The moment a customer calls with a complaint or concern, costs associated with relationship management begin to accrue. Many call centers that specialize in customer care and resolution report an average cost per hour to operate of about $100. So each minute a company fails to provide a satisfying resolution to the customer costs money.
This money comes directly from profit and it should always be perceived that way. Customer care culture should be permeated with a consciousness of cost associated with customer care and resolution. By the time Mediabridge decided to involve its in-house counsel, it had probably already spent significant time and money in payroll to put barriers that hindered the customer from receiving a full refund for their product.
Furthermore, the engagement associated with the escalation to Mediabridge corporate management and the involvement of its attorney can be estimated in the thousands. After all, even if in-house counsel are a fixed payroll expense, their time is not free and should be used for matters that protect the organization from legal entanglements, instead of causing additional friction and engaging in a way that presents significant risk to the company’s public relations status and brand image. Loss mitigation is about dealing with a situation in way that protects the brand with expedience and customer focus.
Don’t be a bully
As access to wider audiences via the Internet has become democratized, the risks associated with corporate bullying of the little guy have increased exponentially. Looking back at the Mediabridge crisis, the most important lesson to be gleaned is to assume that every customer has the potential of sharing any and all written communications with a brand via a social outlet.

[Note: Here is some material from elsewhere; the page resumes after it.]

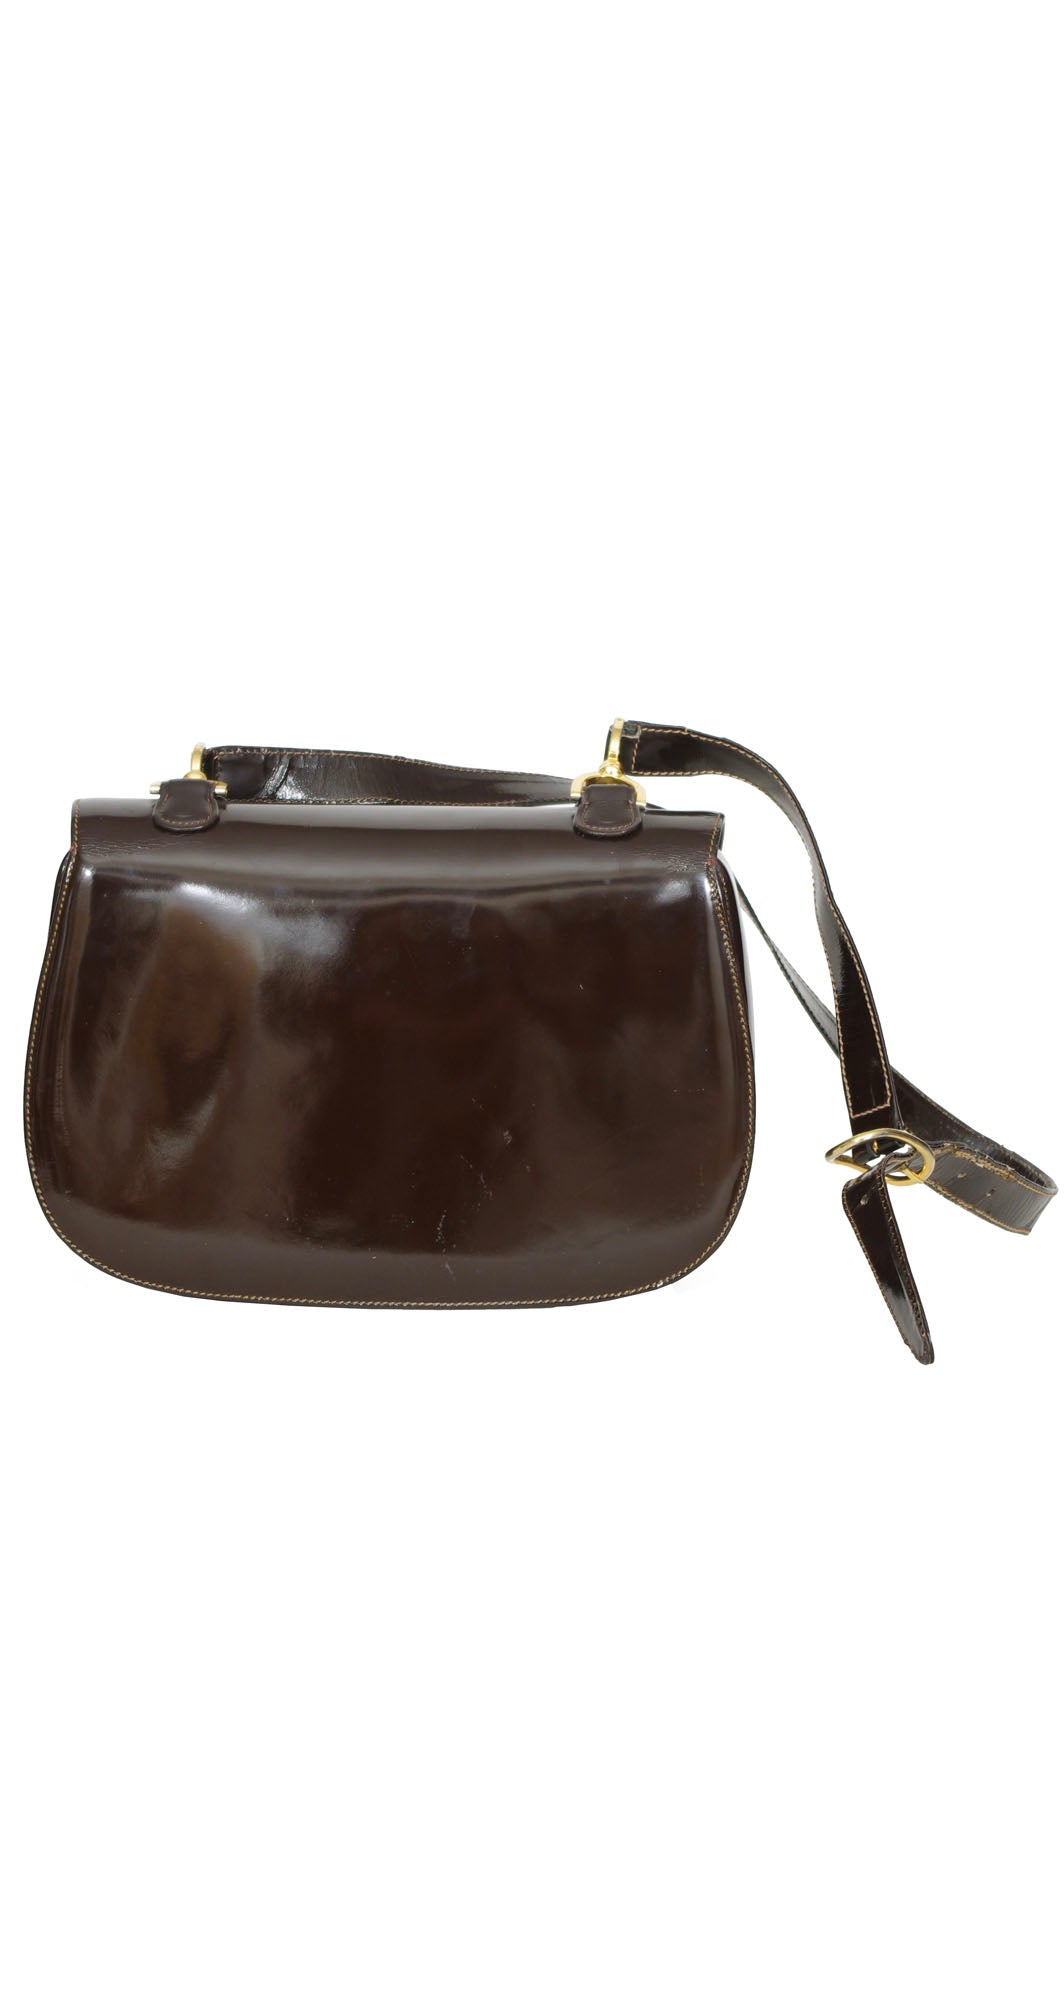 1970s Iconic Bamboo Clasp Brown Patent Leather Shoulder Bag
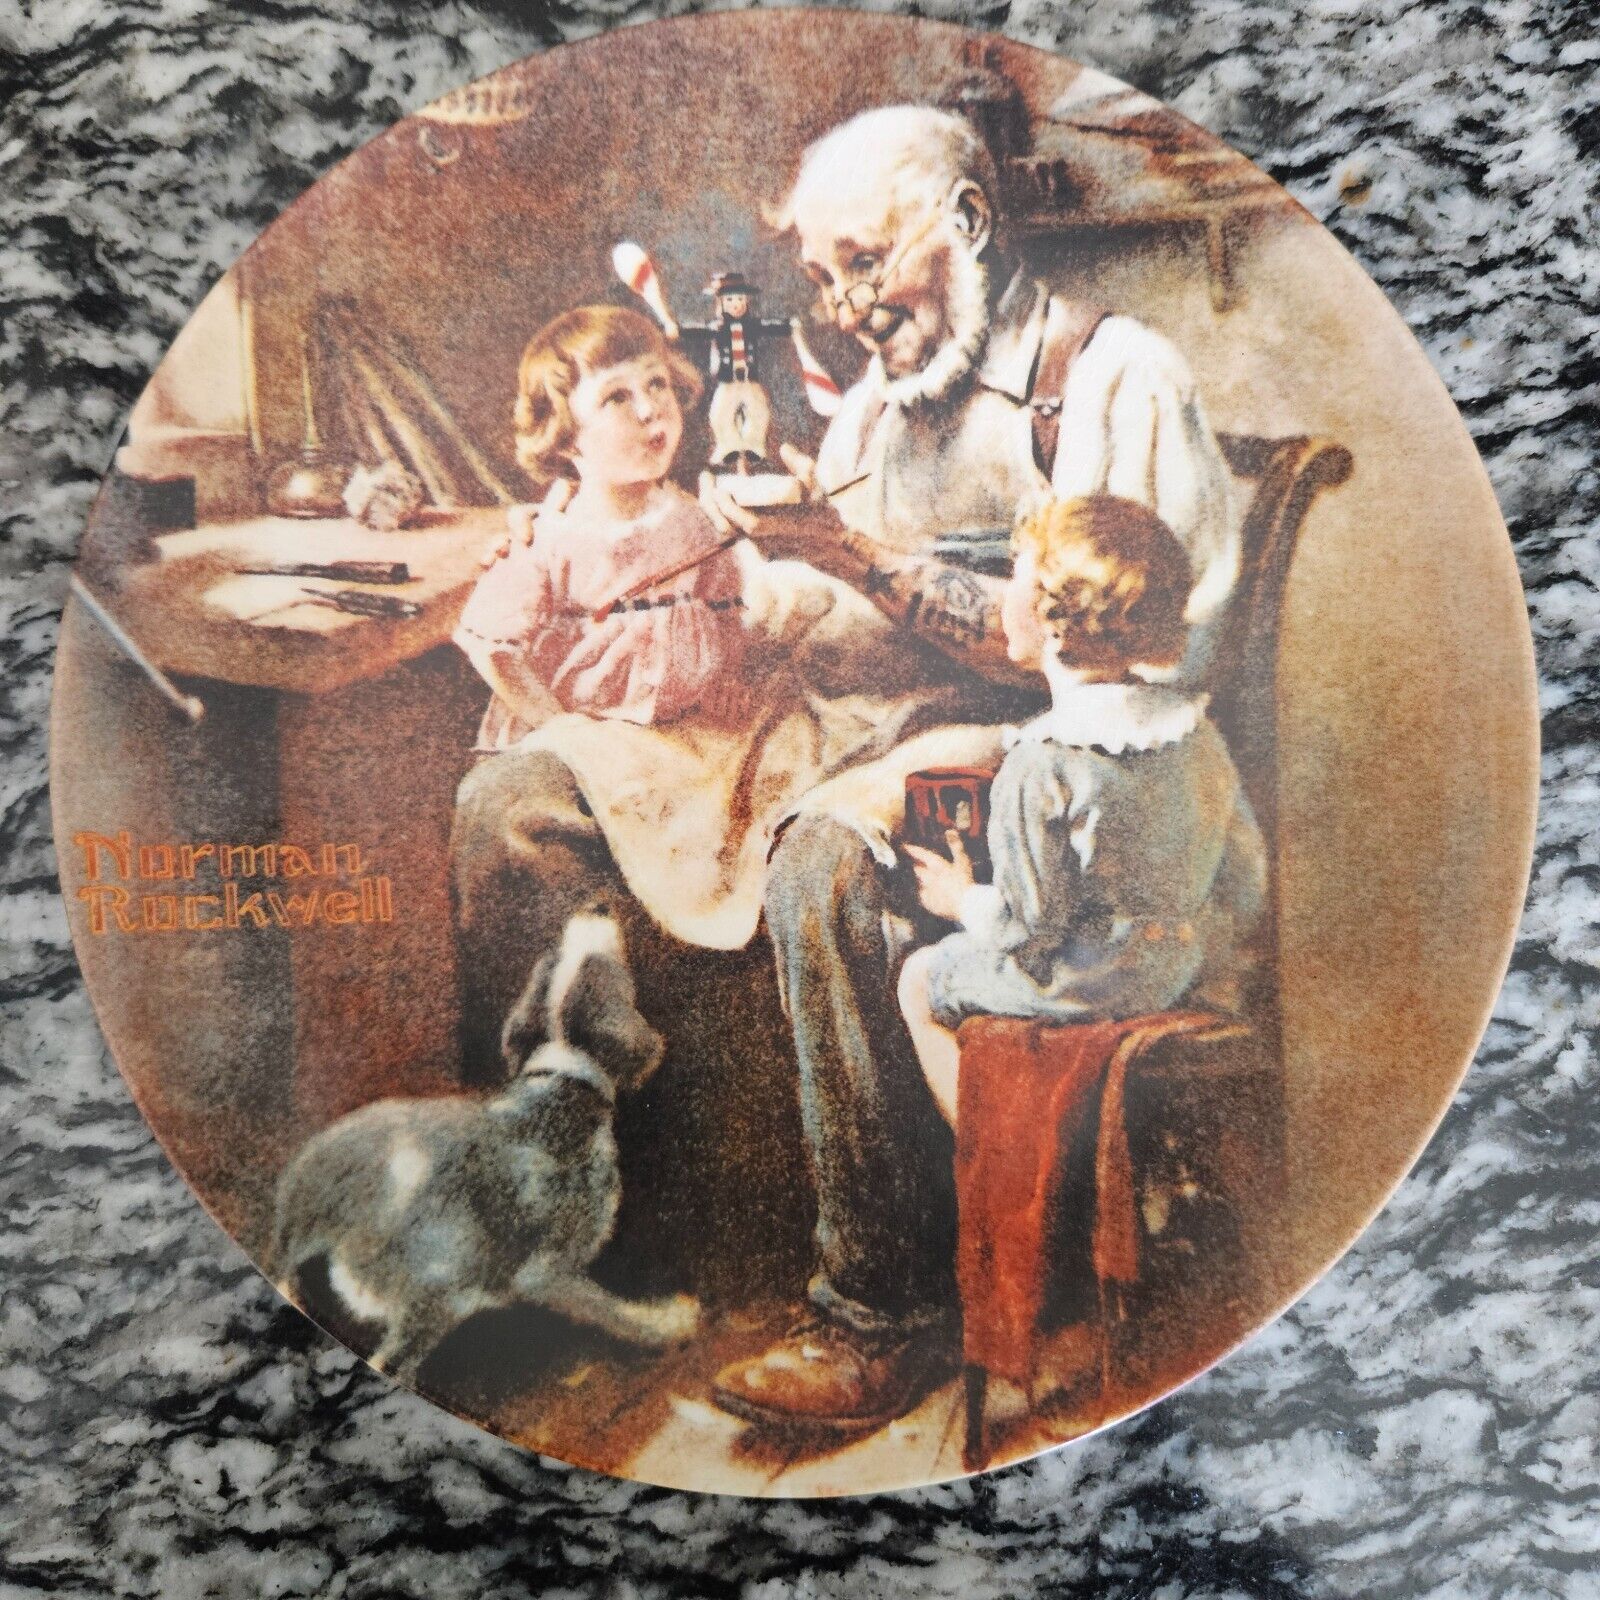 Norman Rockwell-“The Toy Maker” Collector Plate 1977 Limited Edition Knowles

When you write to a customer, whether it is a response to a review or, in this case, a letter, assume you are writing to a wider audience full of individuals that stand a high probability of taking the side of the little guy. There are no good examples of the bully strategy ever helping to build up a brand. Let your online words be gentle. Your company deserves it, the customer raising a concern deserves it, and all future customers will make choices based on it.
Customer care is about caring
When it comes to responding to online reviews, the main goal of smart businesses is to prioritize customer satisfaction over the perception of the “fairness” of the review.
In a negative review, the customer’s narrative is their version of the story and, in their eyes and mind, that version is both true and fair. Before drafting a response or deciding how to deal with the issue, make it your goal to see the complaint from their perspective and provide a response that shows you care for the individual as well as the issue.
A long-term customer care strategy, especially as it relates to online review responses and online engagement, is best executed when the company or business chooses to care for each customer in a way that is individualized and sensitive to the reach of their words and actions.